The problem with this objection is that atheists can point out that human beings, or more generally, conscious creatures, are more valuable than any other material object – because we have relevant differences between us and other material objects that give us our value.
One track we can take to argue for this is to point out that even on atheism; consciousness is a necessary condition of being able to value anything at all. As such this makes conscious creatures inherently valuable compared to non-conscious material objects – because they have the ability to value anything at all.
Another track we can take to argue that human beings are morally valuable is that we have a number of special abilities that give us value: the ability to love, to form relationships, to be happy or sad.  When we reflect on these qualities, our moral intuitions tell us that there is something special about those qualities, and so those abilities are what give us value.
In his response to my videos on the moral argument, apologist William Lane Craig says that if atheism is true then things like “love” are only a chemical process, and as such he can’t see how moral values attach to that.
This seems to say that love or any other mental process “doesn’t matter” if it boils down to purely physical processes, which reminds me of this great comic from Saturday Morning Breakfast Cereal:
Saturday Morning Breakfast Cereal, used with permission, Thanks Zach!
The point is that even if love was just the result of chemical processes in our brains has no bearing on whether or not it matters. It certainly matters to the kinds of beings that are able to value anything at all – conscious creatures.
What I want to point out here is how empty this kind of objection is.  After all there’s no real explanation as to how values “attach” to god’s nature either, apologists just state god’s nature as an explanatory ultimate for moral values and that’s it. 
An explanatory ultimate is the stopping point for our explanations about something.
Apologists will say that claiming the ability to love, or form relationships, or to be happy or sad is to be premature in cutting off our explanation as to what gives us value.
Atheists in turn say that apologists simply add an unnecessary step, namely god, that does no explanatory work. For instance, there’s a reason their meta-ethical theory is called “Modified” Divine Command Theory, because one of the other basis’s for values that at least some Christian theologians held to in the past was regular old “Divine Command Theory” which said that whatever god commanded was what was good.  The modification was saying that whatever a “loving god commanded” constituted our moral obligations, and that his nature is the basis for moral values.  But what exactly is doing the work in this explanation, god or the addition of the word “love”?

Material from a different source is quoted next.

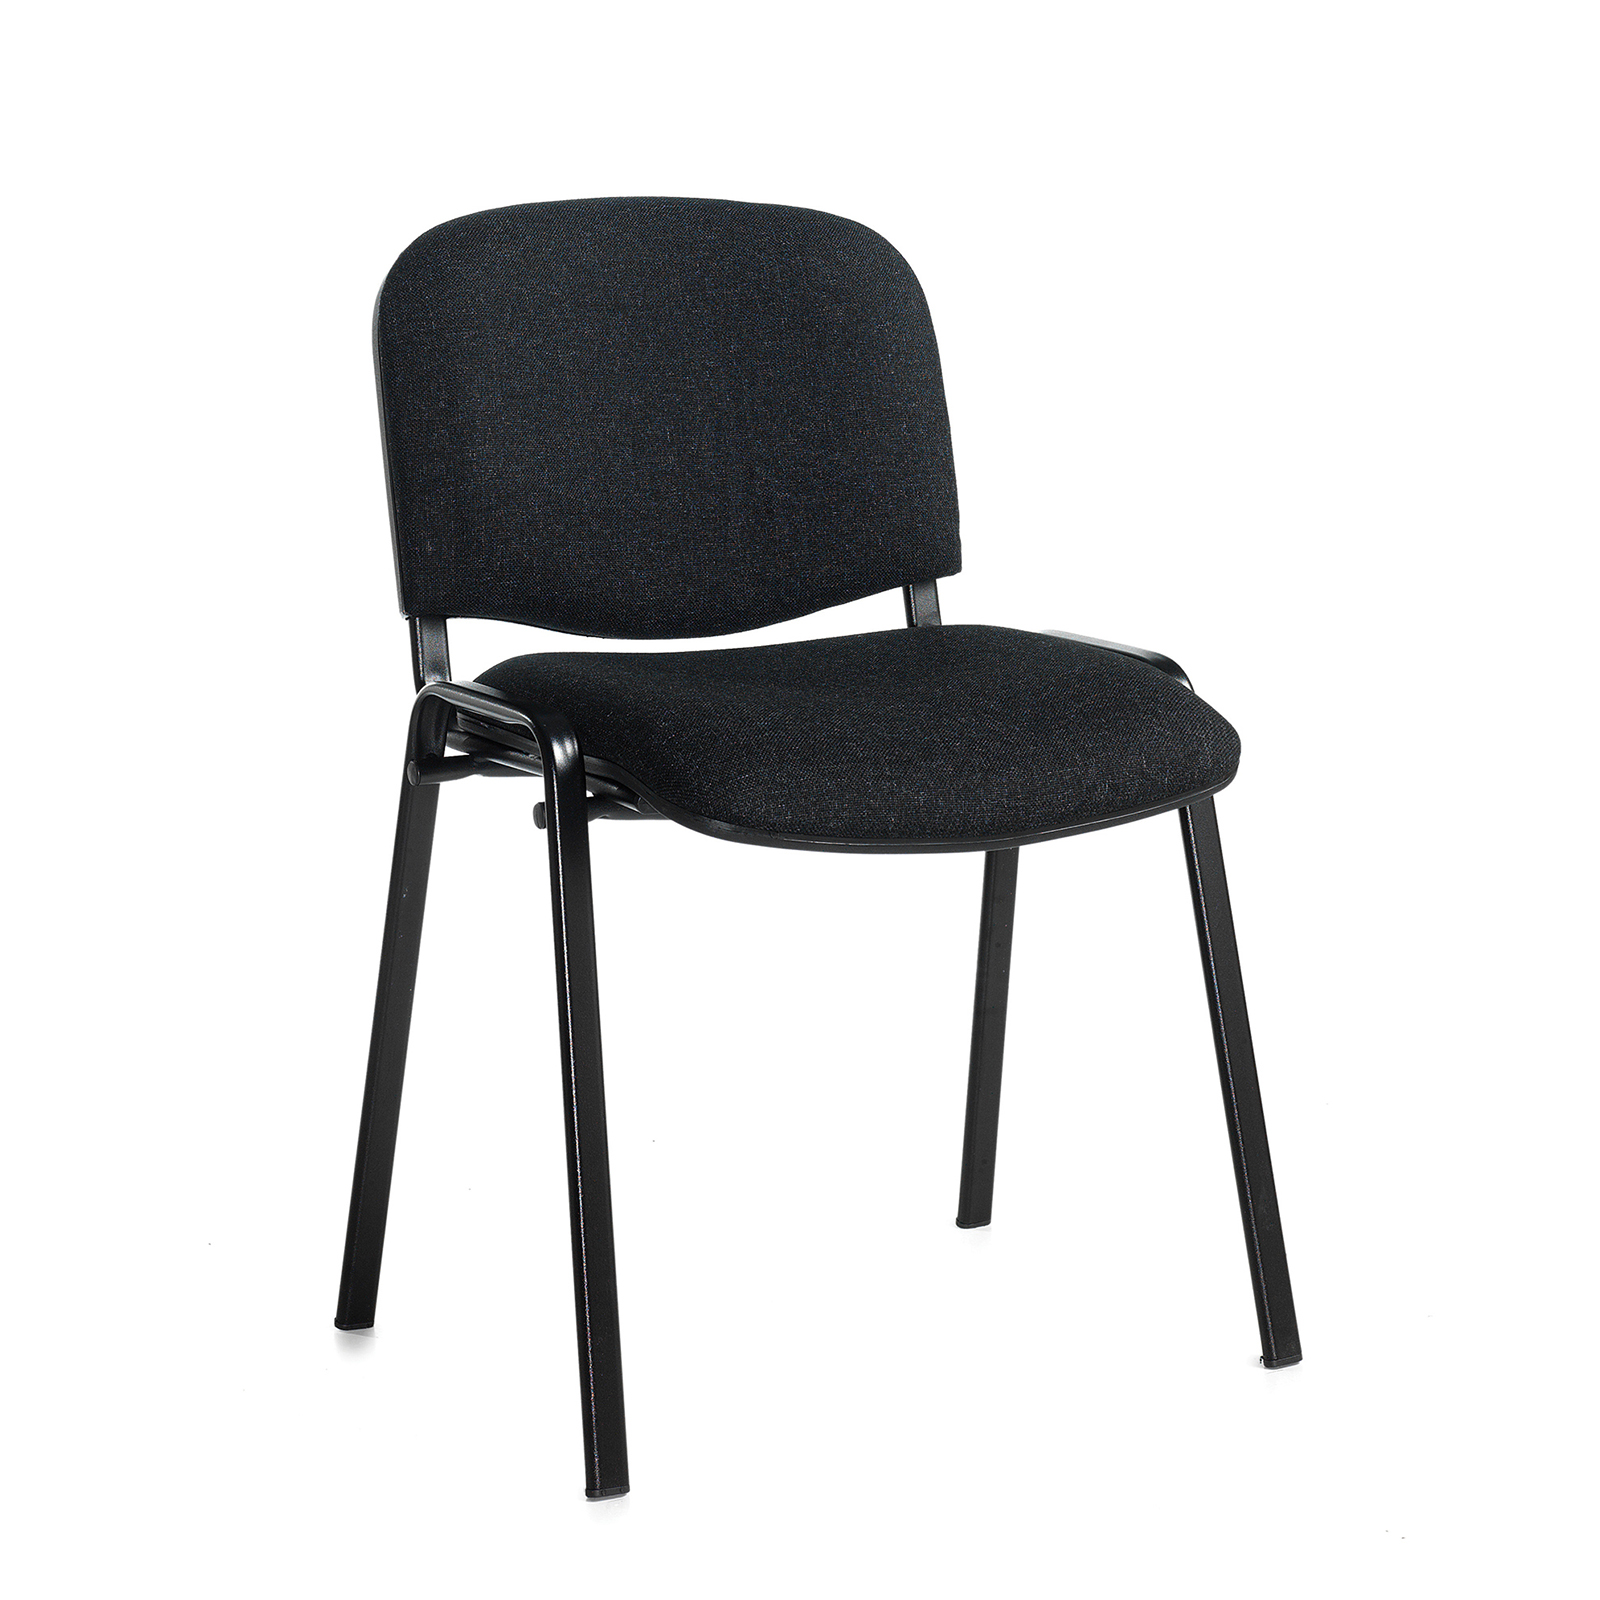 Boardroom / Meeting Taurus meeting room stackable chair with black frame and no arms - charcoal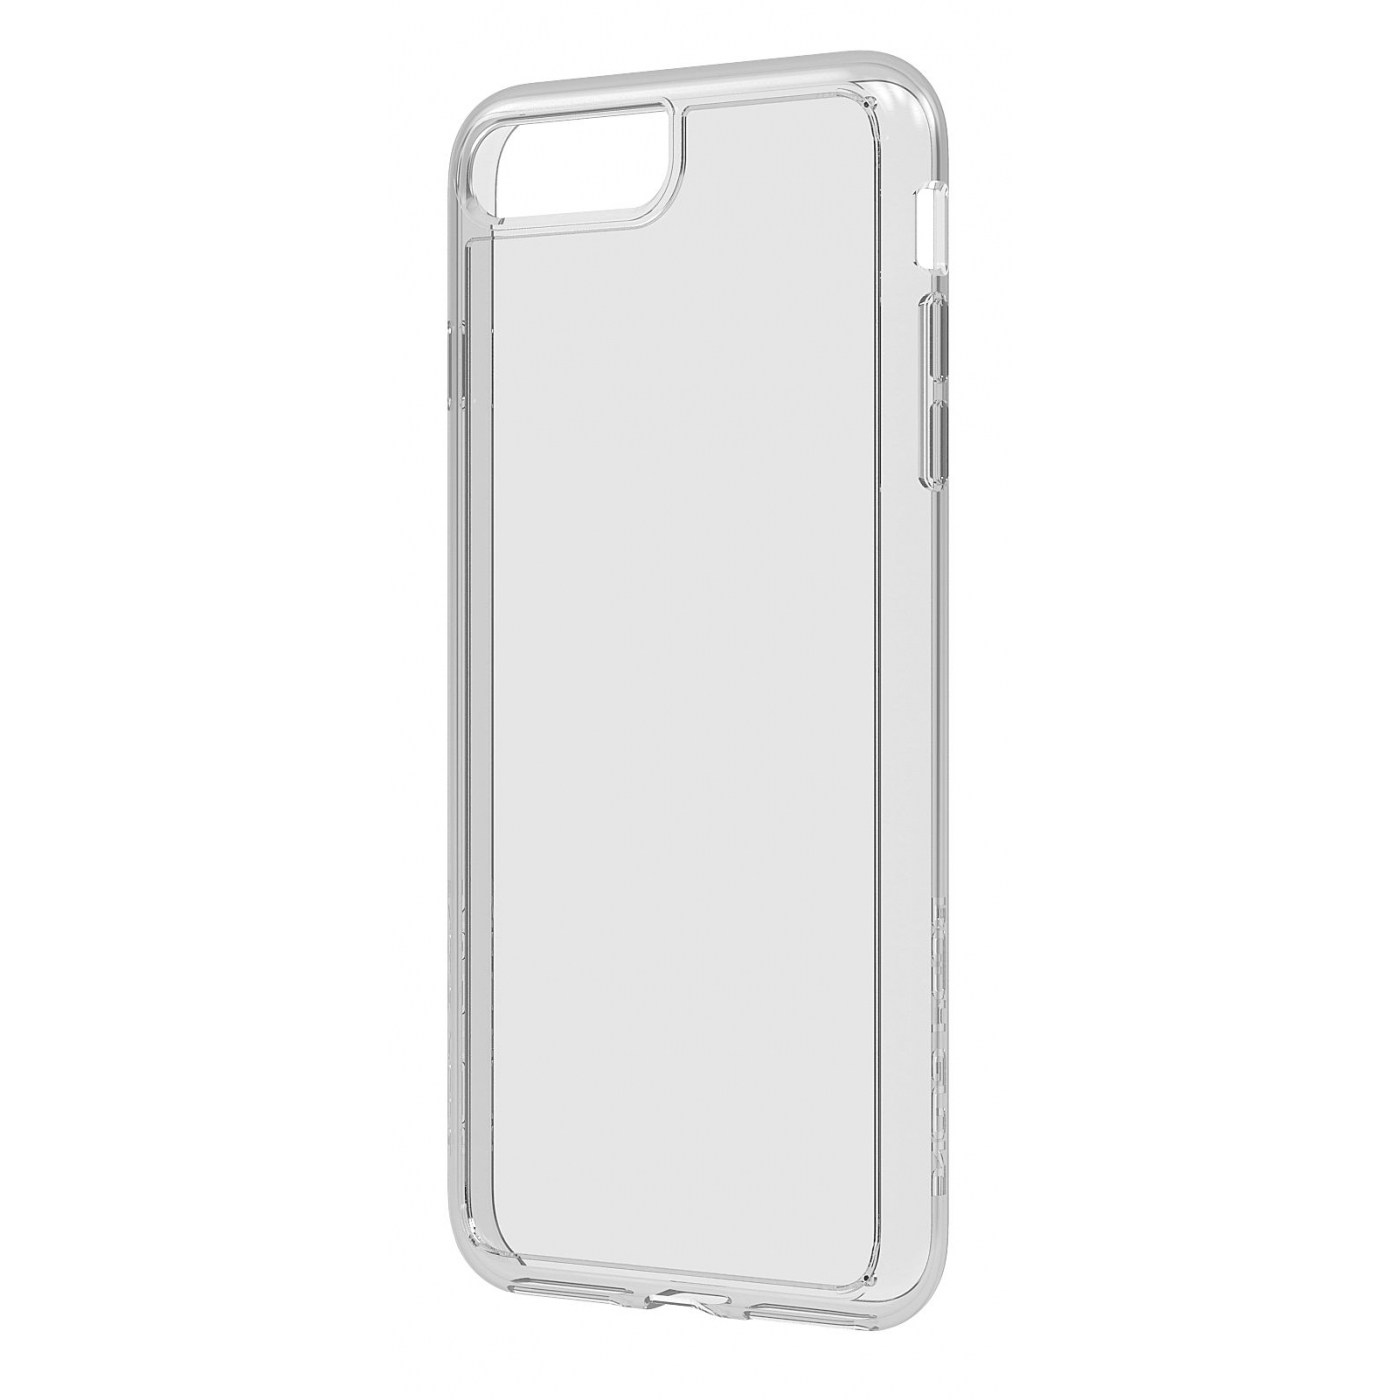 Body Glove Ghost Case for iPhone 7 – Clear

In the end, my point here is that the moral argument fails, specifically because atheists can have our own explanatory ultimate for moral values that is no less arbitrary than what apologists hold to as their explanatory ultimate. For more information on this, please check out my other Moral Argument Short on “Brute Facts”.
Apologists may not like our basis for moral values, or find its stopping point premature, but the inverse of that is true for atheists and their moral theory.  What they can not say is that we do not have an objective basis for moral values and duties.